The triangle's drawn two slits away from what? From the zero order?
Are they only showing us the 2nd, 3rd and 4th orders and would the path difference between the 0 and 1st orders be 1 wavelength, 0 to 2nd would be 2 wavelengts etc. or have I got that completely wrong?
 
The description above the diagram says that light wave diffracted through an angle \theta form 2nd order image. That means that the path difference between the rays is 2 wavelengths. On the diagram they illustrate this with a dotted line that forms a right angled triangle one ray as the smallest side. From trigonometry we get the formula 2\lambda = d sin (\theta). But on the diagram they extend this line to the next ray at point E so you have added on another two wavelengths. if you were to draw the right triangle from the slit below and call the new point E' then C to E' would be two wavelengths.

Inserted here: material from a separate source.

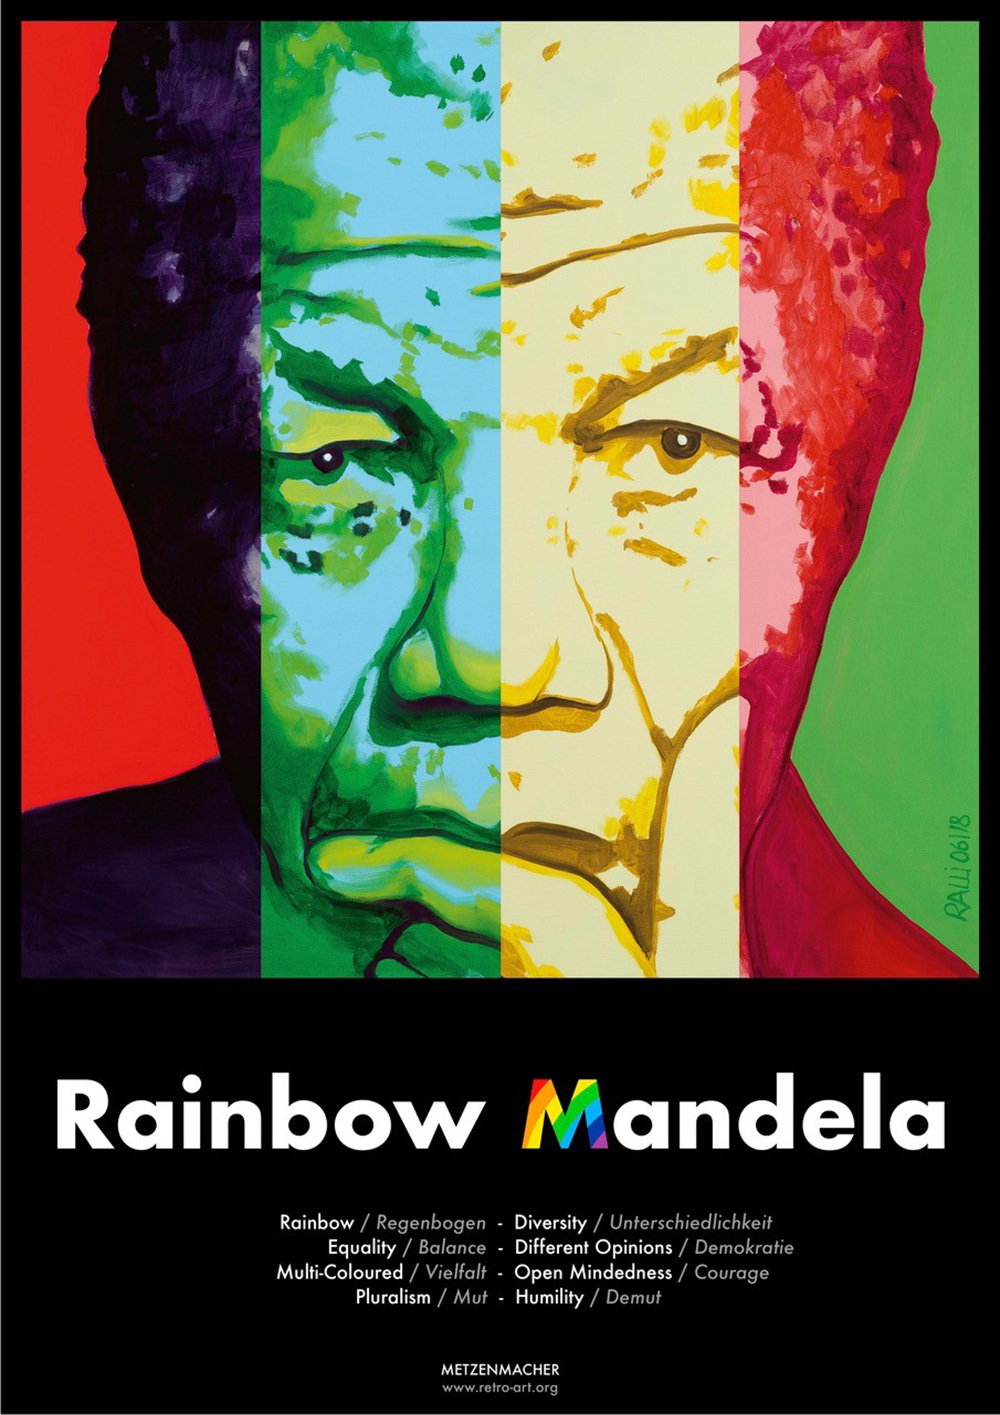 Ralf Metzenmacher - Rainbow Mandela
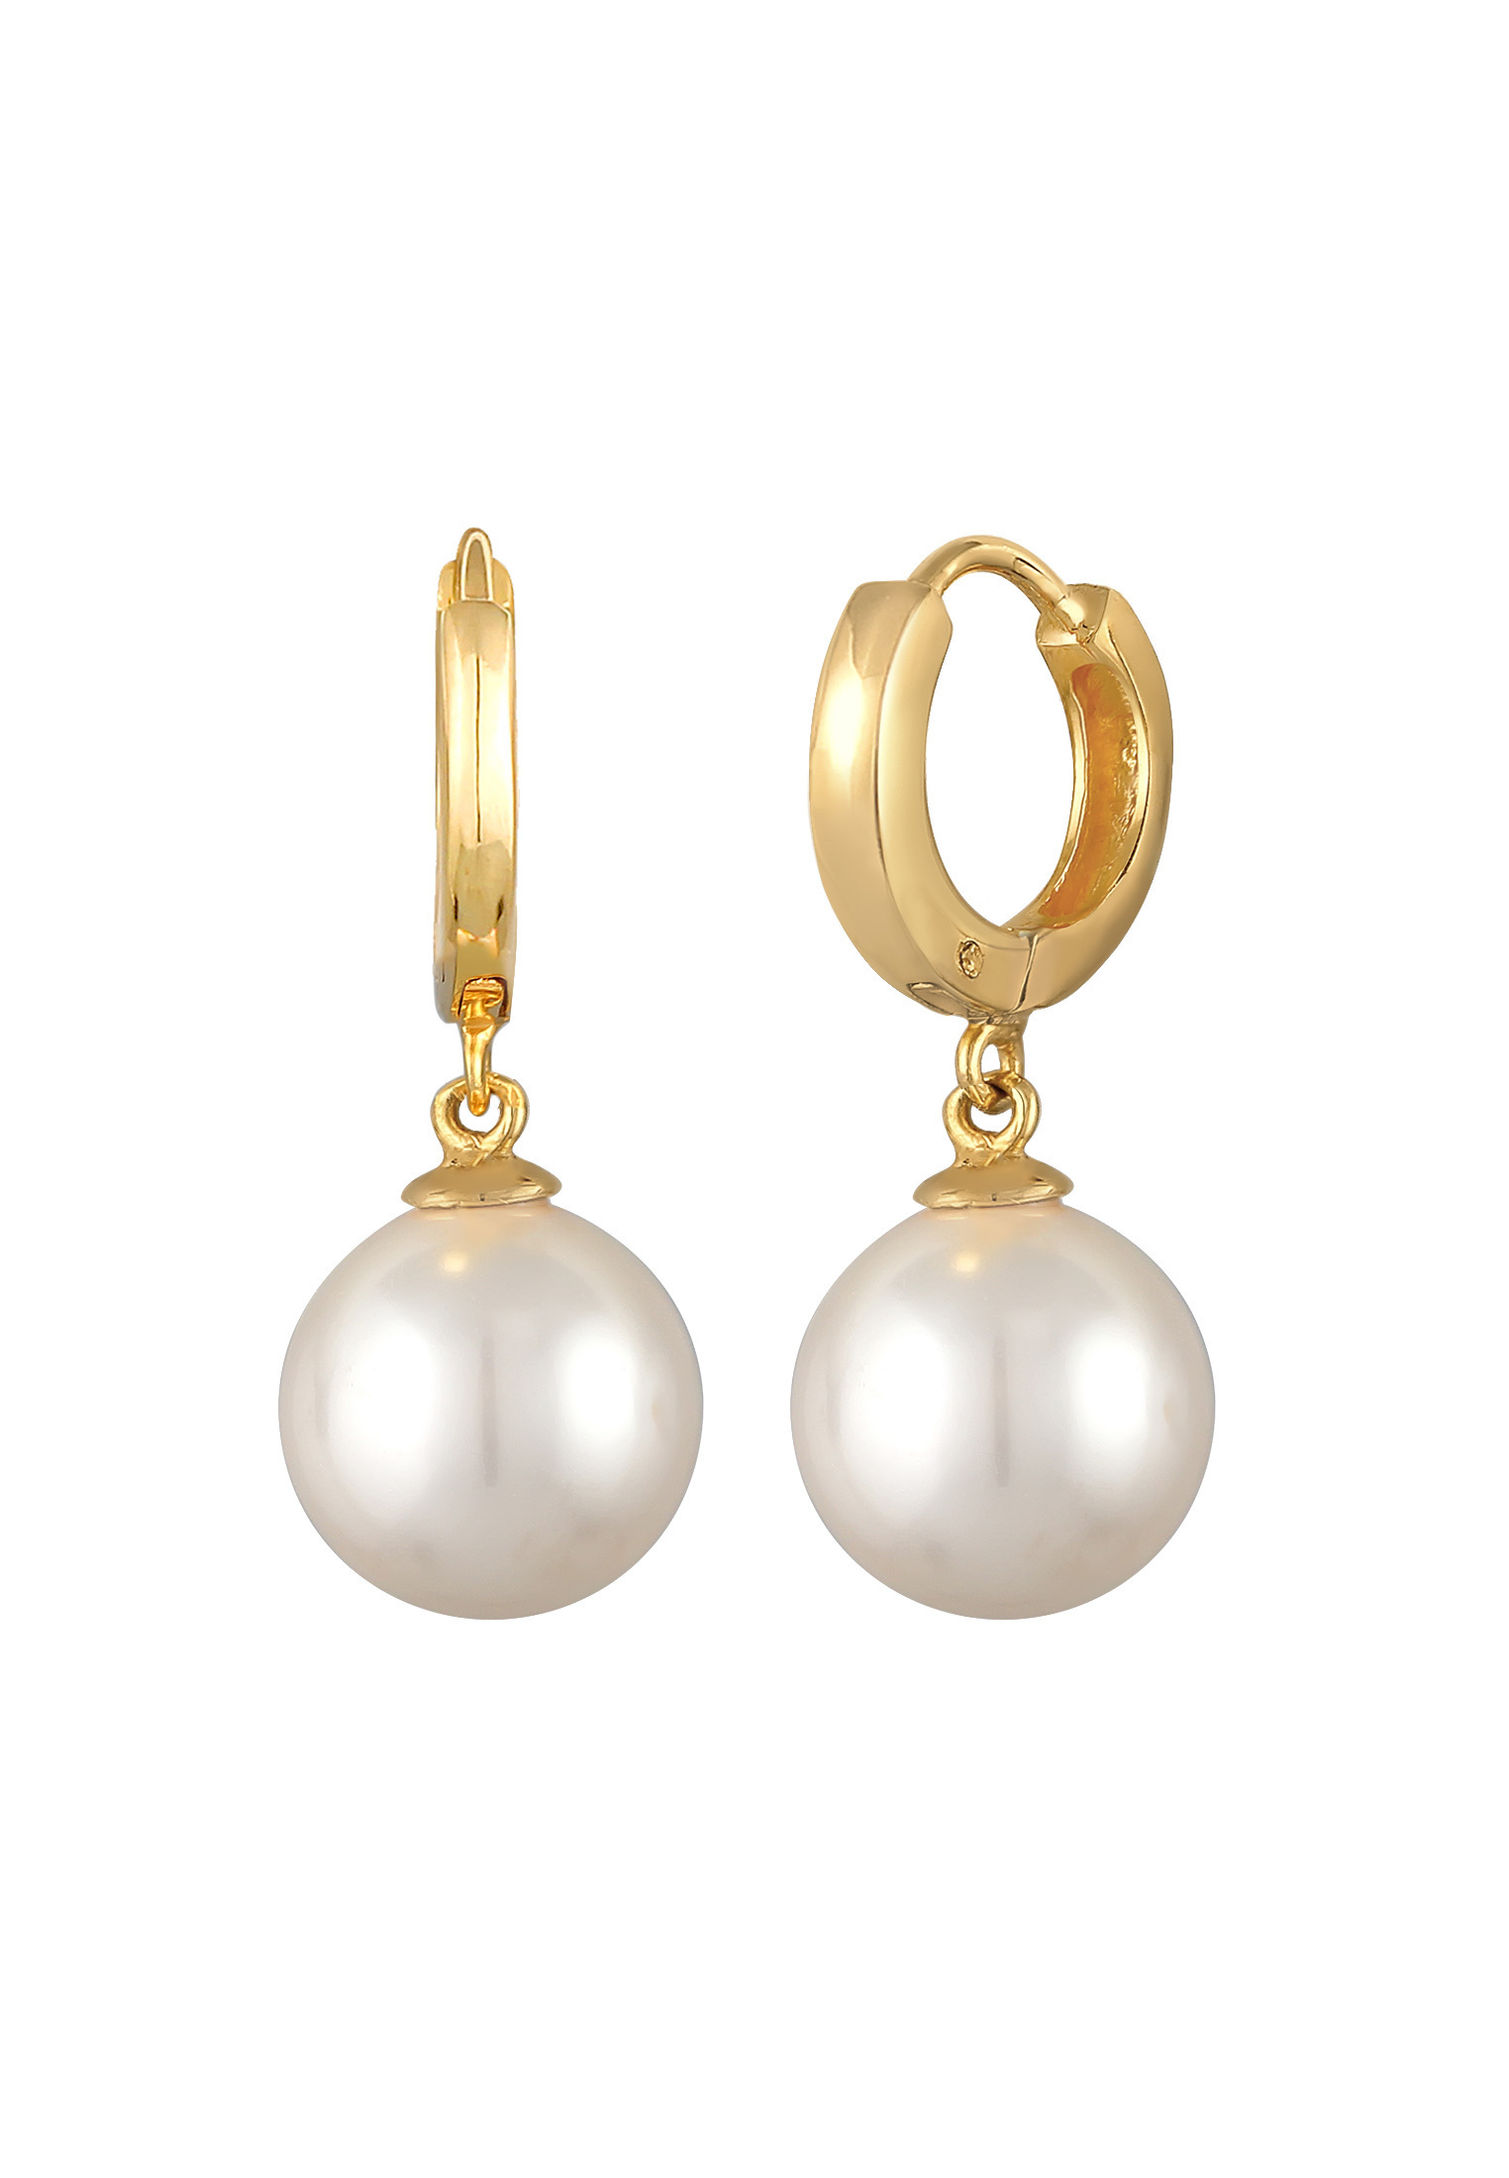 Nenalina Ohrringe Creolen synthetische Perlen Ohrhänger Klassik 925er  Silber Farbe: Gold | Weltbild.de

My descriptions aren't particularly good I apologise about that. But when I said it was drawn from two slits away I meant from the slit labelled C. Anyway its all about how the formula n\lambda = d sin (\theta) is derived.
 
Oh right I wasn't understanding all this 2nd order image stuff! So what you're saying is that since it says i forms a 2nd order image after going through that angle, the path difference between each ray shown is 2 wavelengths? Does this mean that if they said a 1st order image was produced after going through this angle the path difference between each ray would be 1 wavelength?

Thanks for the help!
 
nirvana1990 said:
Oh right I wasn't understanding all this 2nd order image stuff! So what you're saying is that since it says i forms a 2nd order image after going through that angle, the path difference between each ray shown is 2 wavelengths? Does this mean that if they said a 1st order image was produced after going through this angle the path difference between each ray would be 1 wavelength?

Thanks for the help!

Yes it does. So if that angle was for a 1st order image c to E would be 2 wavelengths and B to D would be 1 wavelength.
 
Thanks sooo much again!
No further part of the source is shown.